Whether it's cushioning, support, breathability, or antibacterial function, we tailor material selection to the exact requirements of each project-whether for foot wellness or ergonomic sleep products.

We provide end-to-end manufacturing capabilities under one roof—covering every stage from material sourcing and foaming, to precision molding, lamination, cutting, sewing, and strict quality control. This full-process control not only ensures product consistency and durability, but also allows for faster lead times and better customization flexibility.

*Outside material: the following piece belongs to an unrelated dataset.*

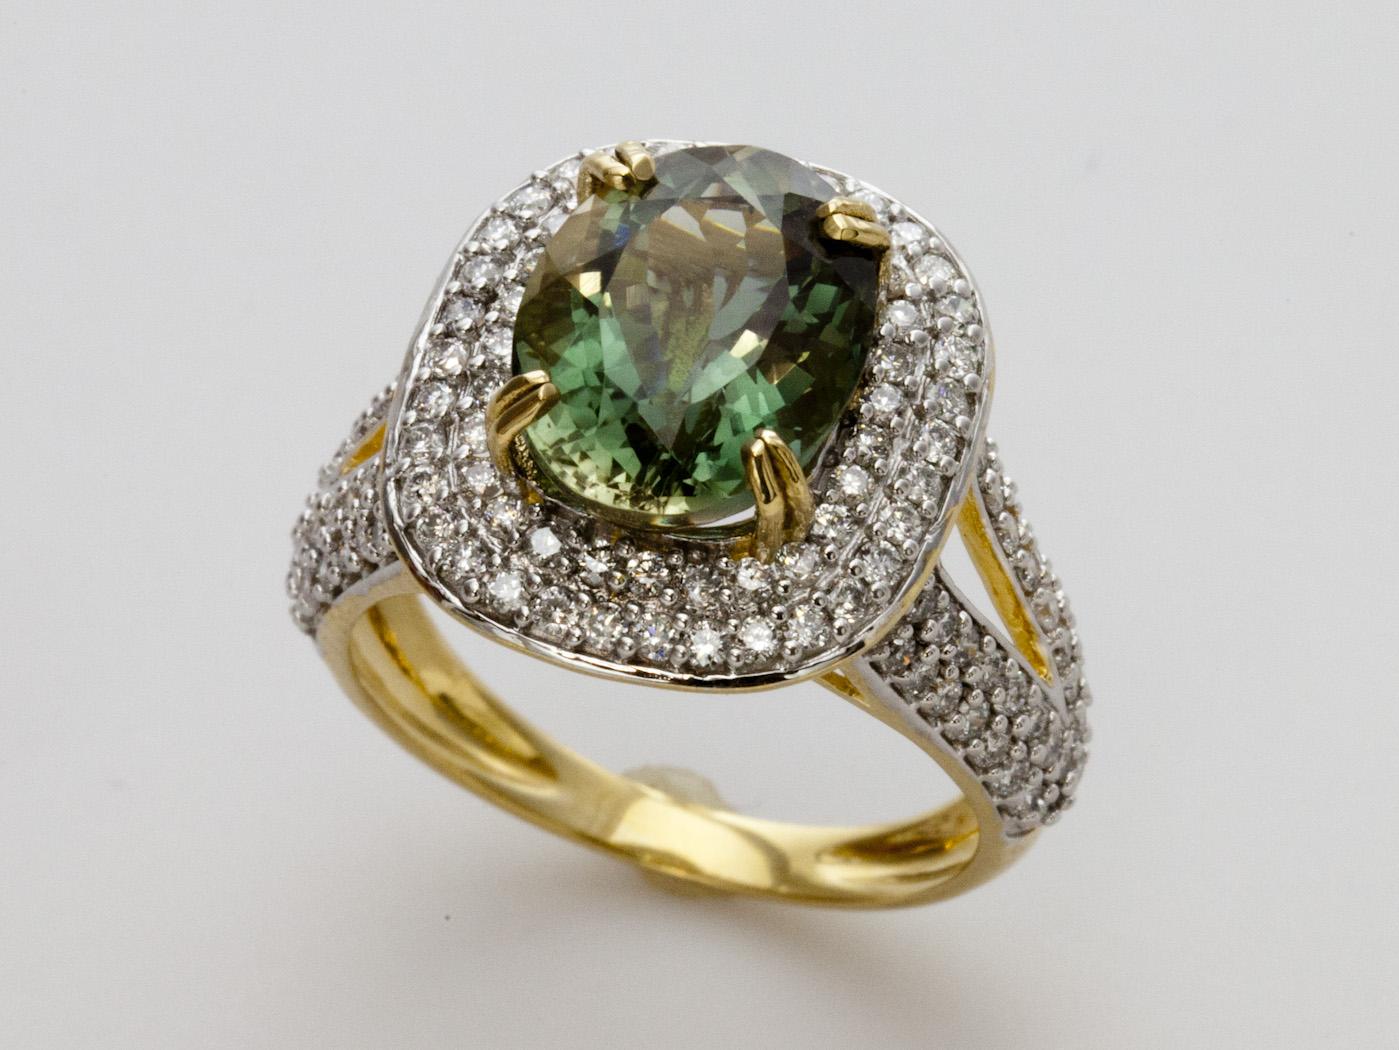 green sunstone gold ring with diamonds. Black Bedroom Furniture Sets. Home Design Ideas

With our flexible production capacity, we accommodate both small batch custom orders and high-volume mass production with equal efficiency. Whether you're a startup launching your first insole or pillow line, or a global brand scaling up to meet market demand, GuangXin is equipped to deliver reliable OEM/ODM solutions that grow with your business.

Customization & OEM/ODM Flexibility

GuangXin offers exceptional flexibility in customization and OEM/ODM services, empowering our partners to create insole products that truly align with their brand identity and target market. We develop insoles tailored to specific foot shapes, end-user needs, and regional market preferences, ensuring optimal fit and functionality.

Our team supports comprehensive branding solutions, including logo printing, custom packaging, and product integration support for marketing campaigns. Whether you're launching a new product line or upgrading an existing one, we help your vision come to life with attention to detail and consistent brand presentation.

With fast prototyping services and efficient lead times, GuangXin helps reduce your time-to-market and respond quickly to evolving trends or seasonal demands. From concept to final production, we offer agile support that keeps you ahead of the competition.

Quality Assurance & Certifications

Quality is at the heart of everything we do. GuangXin implements a rigorous quality control system at every stage of production—ensuring that each insole meets the highest standards of consistency, comfort, and durability.

We provide a variety of in-house and third-party testing options, including antibacterial performance, odor control, durability testing, and eco-safety verification, to meet the specific needs of our clients and markets.

Our products are fully compliant with international safety and environmental standards, such as REACH, RoHS, and other applicable export regulations. This ensures seamless entry into global markets while supporting your ESG and product safety commitments.

ESG-Oriented Sustainable Production

At GuangXin Industrial, we are committed to integrating ESG (Environmental, Social, and Governance) values into every step of our manufacturing process. We actively pursue eco-conscious practices by utilizing eco-friendly materials and adopting low-carbon production methods to reduce environmental impact.

To support circular economy goals, we offer recycled and upcycled material options, including innovative applications such as recycled glass and repurposed LCD panel glass. These materials are processed using advanced techniques to retain performance while reducing waste—contributing to a more sustainable supply chain.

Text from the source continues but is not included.